Hashing


  • SIFT1M[161MB]  GIST1M[2.6GB]

    Source:  Aude Oliva, Antonio Torralba
    Description:

    We provides several evaluation sets to evaluate the quality of approximate nearest neighbors search algorithm on different kinds of data and varying database sizes. In particular, we provide a very large set of 1 billion vectors, to our knowledge this is the largest set provided to evaluate ANN methods.

    Each comprises 3 subsets of vectors:

    (1) base vectors: the vectors in which the search is performed

    (2) query vectors

    (3) learning vectors: to find the parameters involved in a particular method

    In addition, we provide the groundtruth for each set, in the form of the pre-computed k nearest neighbors and their square Euclidean distance.

    We use three different file formats:

    (1) The vector files are stored in .bvecs or .fvecs format.

    (2) The groundtruth file in is .ivecs format.

    Vector set dimension nb base vectors nb query vectors nb learn vectors file format
    SIFT1M 128 1,000,000 10,000 100,000 fvecs
    GIST1M 960 1,000,000 1,000 500,000 fvecs
  • CIFAR-10[160MB]

    Source:  Alex Krizhevsky, Vinod Nair, and Geoffrey Hinton. 2009
    Description:

    The CIFAR-10 dataset consists of 60000 32x32 colour images in 10 classes, with 6000 images per class. There are 50000 training images and 10000 test images.

    The dataset is divided into five training batches and one test batch, each with 10000 images. The test batch contains exactly 1000 randomly-selected images from each class. The training batches contain the remaining images in random order, but some training batches may contain more images from one class than another. Between them, the training batches contain exactly 5000 images from each class. Here are the classes in the dataset:airplane?automobile、bird、cat、deer、dog、frog、horse、ship、truck.

    The classes are completely mutually exclusive. There is no overlap between automobiles and trucks. "Automobile" includes sedans, SUVs, things of that sort. "Truck" includes only big trucks. Neither includes pickup trucks.

  • NUSWIDE[1.2GB]

    Source:  Lab for Media Search in National University of Singapore. 2009
    Description:

    A Real-World Web Image Dataset from National University of Singapore.Here we Description a web image dataset created by Lab for Media Search in National University of Singapore. The dataset includes:

    (1) 269,648 images and the associated tags from Flickr, with a total number of 5,018 unique tags;

    (2) six types of low-level features extracted from these images, including 64-D color histogram, 144-D color correlogram, 73-D edge direction histogram, 128-D wavelet texture, 225-D block-wise color moments and 500-D bag of words based on SIFT descriptions;

    (3) ground-truth for 81 concepts that can be used for evaluation.

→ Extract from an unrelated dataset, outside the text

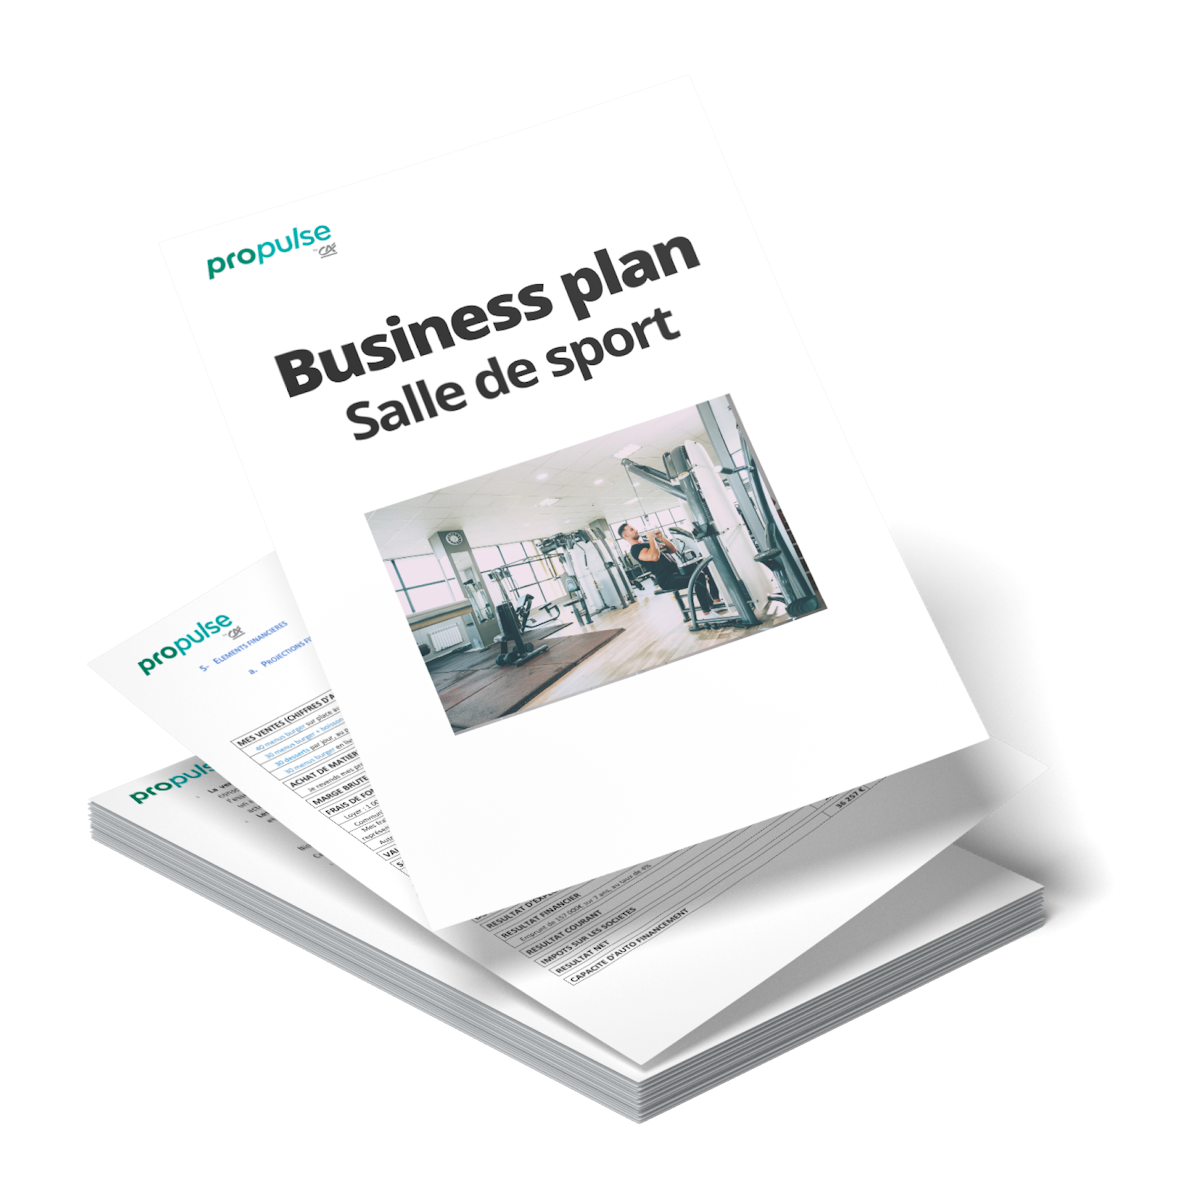 business plan salle de sport maroc pdf

    Based on this dataset, we identify several research issues on web image annotation and retrieval. We also provide the baseline results for web image annotation by learning from the tags using the traditional k-NN algorithm. The benchmark results show that it is possible to learn models from these data to help general image retrieval.

  • ImageNet[1TB]

    Source:  The ImageNet Large Scale Visual Recognition Challenge. 2017
    Description:

    ImageNet is an image database organized according to the WordNet hierarchy (currently only the nouns), in which each node of the hierarchy is depicted by hundreds and thousands of images. Currently we have an average of over five hundred images per node. We hope ImageNet will become a useful resource for researchers, educators, students and all of you who share our passion for pictures. Click here to learn more about ImageNet, Click here to join the ImageNet mailing list.

  • YouTubeFace

    Source:  the Singapore-based research center of the University of Illinois at Urbana-Champaign (UIUC). 2014
    Description:

    The data set contains 3,425 videos of 1,595 different people. All the videos were downloaded from YouTube. An average of 2.15 videos are available for each subject. The shortest clip duration is 48 frames, the longest clip is 6,070 frames, and the average length of a video clip is 181.3 frames.

    Number of videos per person
    videos 1 2 3 4 5 6
    people 591 471 307 167 51 8

    In designing our video data set and benchmarks we follow the example of the 'Labeled Faces in the Wild' LFW image collection. Specifically, our goal is to produce a large scale collection of videos along with labels indicating the identities of a person appearing in each video. In addition, we publish benchmark tests, intended to measure the performance of video pair-matching techniques on these videos. Finally, we provide descriptor encodings for the faces appearing in these videos, using well established descriptor methods.